Nach so viel Gebräu verabschiedet sich alsbald auch die Müggelspree. Bevor sie sich im Köpenicker Becken und umgeben von der Altstadt mit der Dahme zusammentut, sich wieder nur Spree nennt und Teil der Spree-Oder-Wasserstraße (SOW) wird, weist sie zwischen km 0,40 und km 0,10 noch einmal darauf hin, dass ihr Hauptarm früher um die Baumgarteninsel herum ging und der jetzige Verlauf nur der  „Katzengraben“ war. 1867 wurde dieser dann als Kanalstück ausgebaut, so dass er den Flusslauf für die Schifffahrt begradigte. Geblieben ist über der Einmündung die Dammbrücke, eine Verbindung zwischen der Köpenicker Altstadt und der Dammvorstadt. Vorgänger hatte sie einige, Nachfolger bisher zwei: Die Holzbrücke mit dem „Dammtor" für Schiffsdurchfahrten wurde 1890 durch eine Backsteinbrücke ersetzt. Da die Durchfahrt ziemlich eng und der Bau altersschwach war, wurde zwischen 1984 und 1986 wieder eine neue Dammbrücke gebaut.

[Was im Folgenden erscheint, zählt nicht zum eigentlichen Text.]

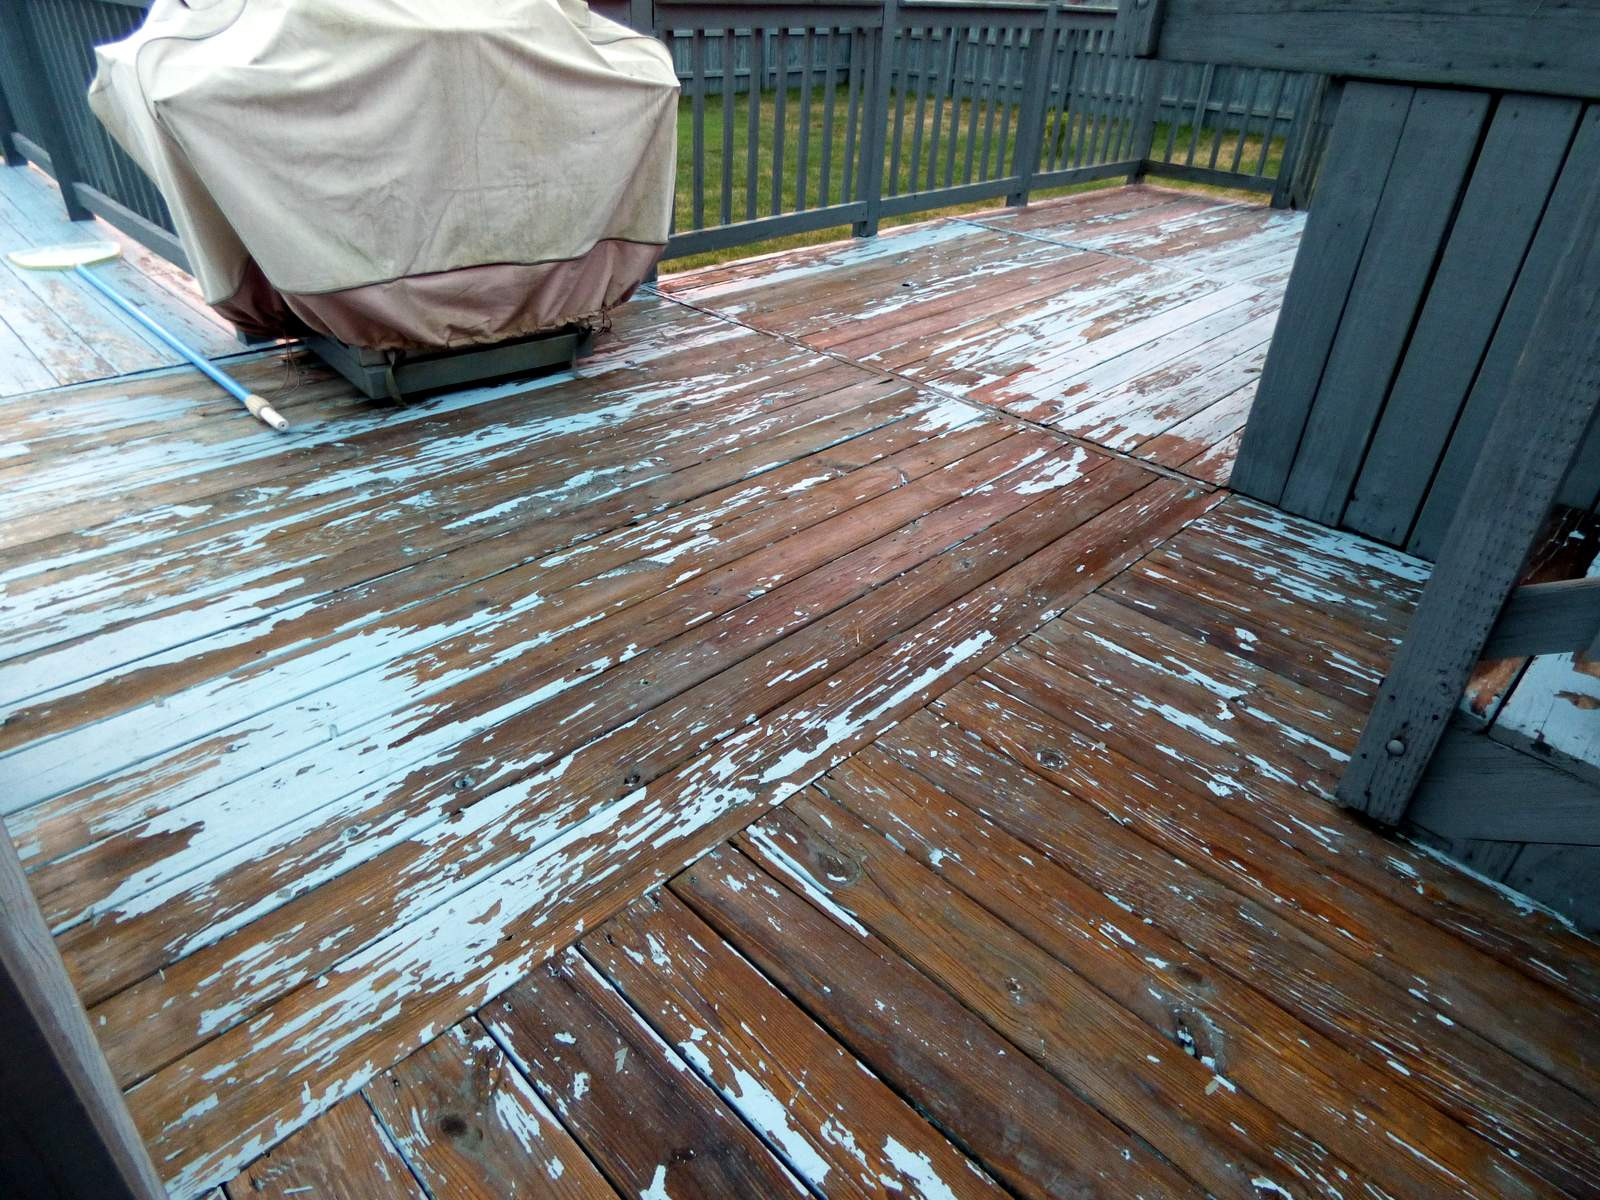 cost to refinish hardwood floors michigan of class action lawsuit against olympic rescue it best deck stain for a lot of the peeling paint but as you can see we have more to go i have a contractor coming over today this is just a small portion of our decking

Einmündung der   Müggelspree in die Spree-Oder-Wasserstraße

km 0,00 Einmündung der Müggelspree in die Spree-Oder-Wasserstraße (SOW)

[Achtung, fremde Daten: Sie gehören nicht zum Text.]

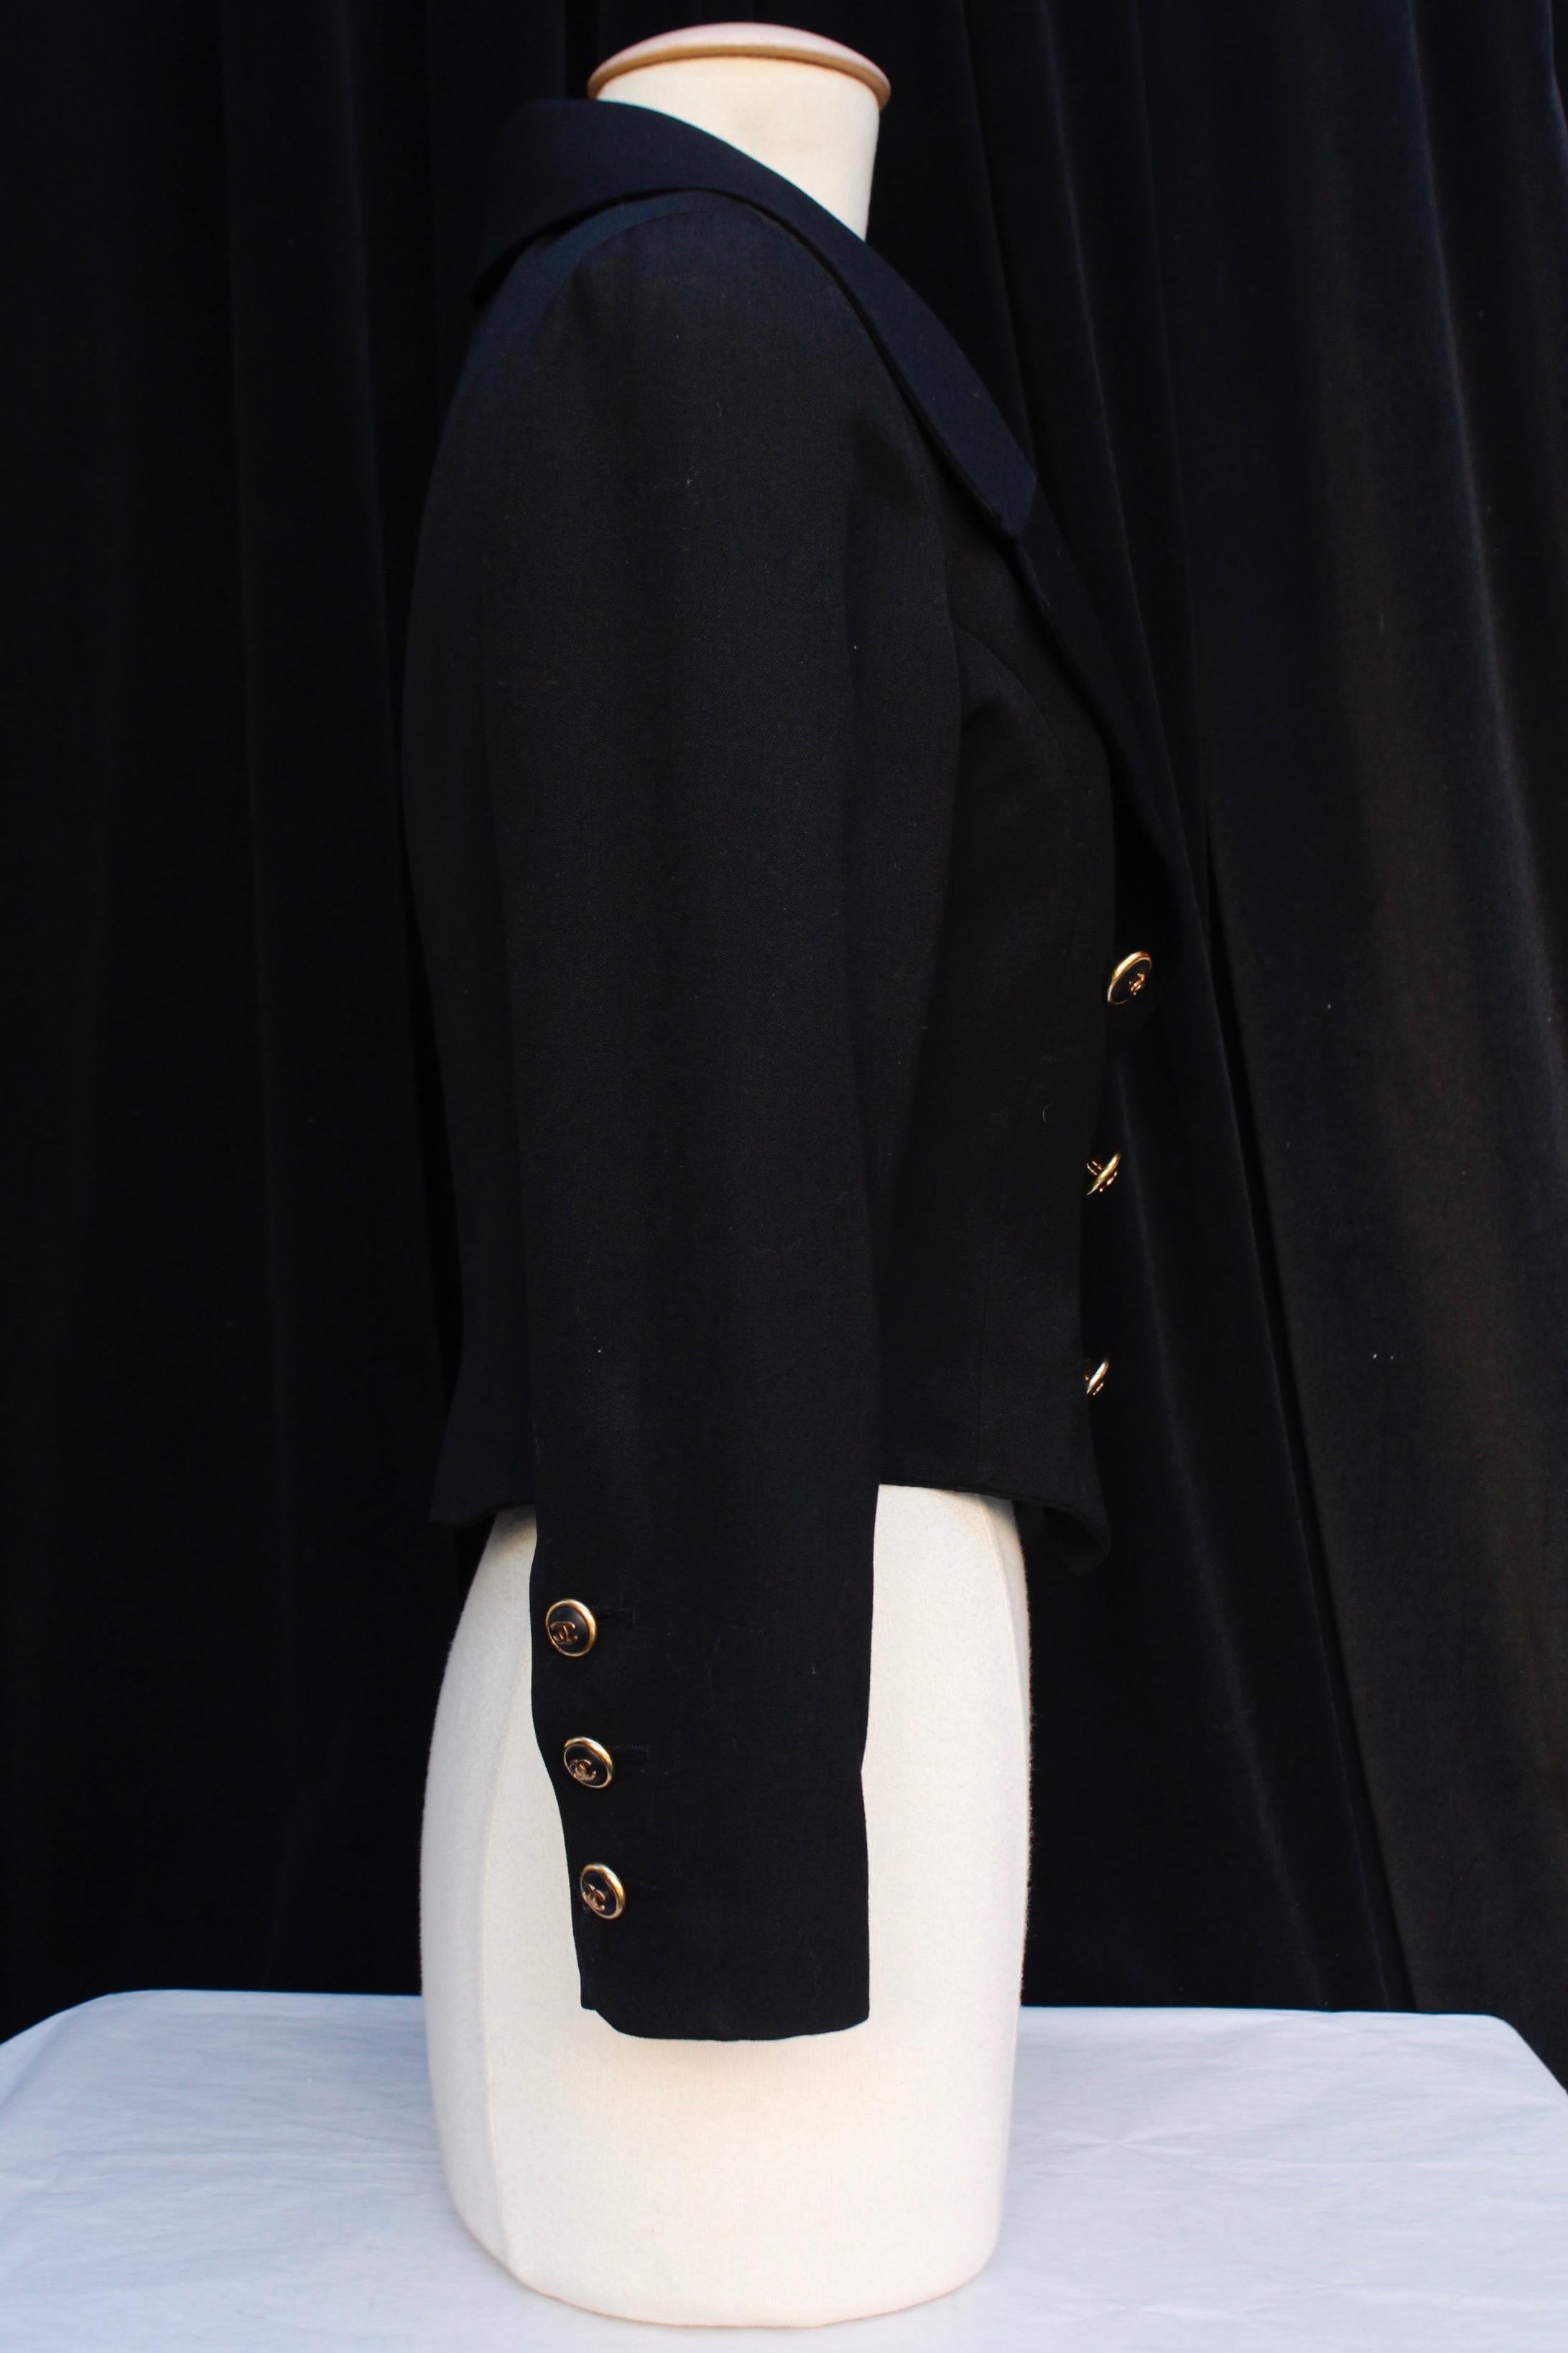 CHANEL BOUTIQUE – Elegant short jacket composed of black cotton blend, with long sleeves and tailored collar. It closes with a double series of gilded metal and black resin buttons with gilded metal CC logo. Black monogrammed silk lining.

No

Zu klären wäre noch, was „Müggel“ eigentlich bedeutet. Um es vorweg zu nehmen: Es streiten sich die Geister.

Variante 1: Die erste Nennung des Wortbestandteils „Müggel“ soll im „Codex diplomaticus Brandenburgensis“ stehen: 1394 als „Tyns in der Miggel“ und 1487 als „Miggelseh“.

Variante 2: Wahrscheinlicher sei eine vorslawische Herkunft aus den Wortwurzeln „migh“, „mighla“ oder „miggelen“ (niederländisch), was so viel wie Nebel, Wolke oder Staubregen bedeutet.

Variante 3: Möglich ist auch, dass die „Müggel“ nach dem altdeutschen Wort „mikil” benannt wurde, was wiederum groß oder mächtig bedeutet.